Hay palabras que no tiene explicación en los sentimientos en las percepciones lumínicas, en los atardeceres silenciosos o en los mensajes de WhatsApp. Hay palabras que se nos antojan huidizas y se esconden en los lugares secretos, de los callejones secretos del lenguaje.
Decía Neruda que las palabras tienen alas o no las tienen. Parece ser que la Real Academia si te explica, te da significado formal a todas las que ellos creen conformes. Pero, ¿qué ocurre con las palabras que no tiene nada que ver con el lenguaje conocido? Se quedan adheridas al papel como ese polvo pegajoso y en segundos desencantado que habita en los pliegos viejos o en el instante de un rayo de luz sobre la superficie barnizada de una mesa. Hay palabras que fugitivas se exilan para no perder su esencia, su autenticidad, su idea, su concavidad corporal que nada nombra y todo lo intuye todo lo que descubre en la faz de esta tierra que quiere ser nombrado o innombrable.
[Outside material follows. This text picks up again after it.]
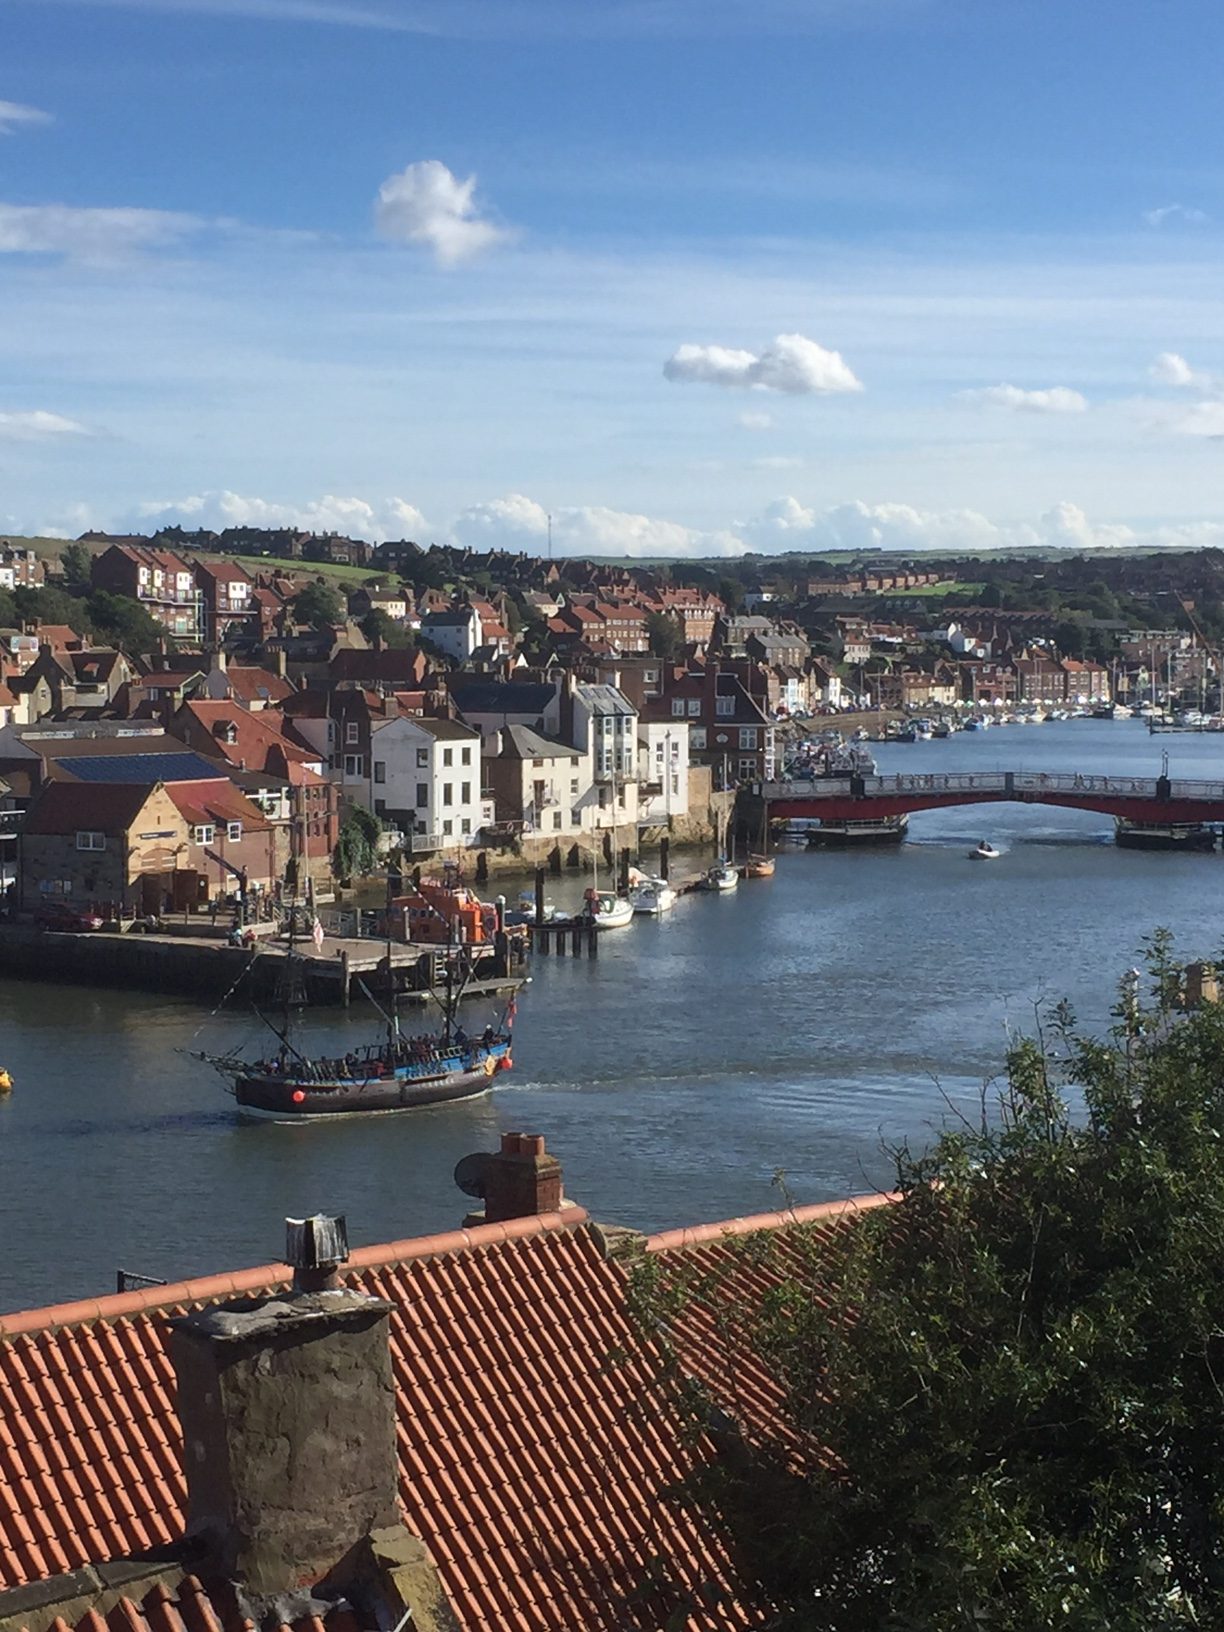 Whitby Harbour - the swing bridge and the pirate ship.

El símbolo de la belleza puede tener el nombre salado del mar los ojos azules de una Virgen, las sienes taladradas de espinas del Rescatado en cuya talla se comprende mejor el significado de la palabra sufrir o esperar o rezar o tal vez convicción.
Vacío y desolación hechos de un alfabeto extraño de un idioma ajeno que no parece tocarnos los bordes de nuestra piel. Hay filósofos de las palabras que se aíslan en sus torres de marfil o se encadena en las mazmorras de los desafíos lingüísticos la espera de una libertad que ellos mismos nos se conceden. Sin embrago las palabras son libres y descubren pensamientos que cobran cuerpo en el exterior de sí mismas. Es así como hilvanan versos Valente o de Hölderling, cuando vagaba por las estrofas de Grecia en un canto clásico. Ni desinterés ni pasividad. “Tanto vale el hombre y tanto vale el esplendor de la vida”.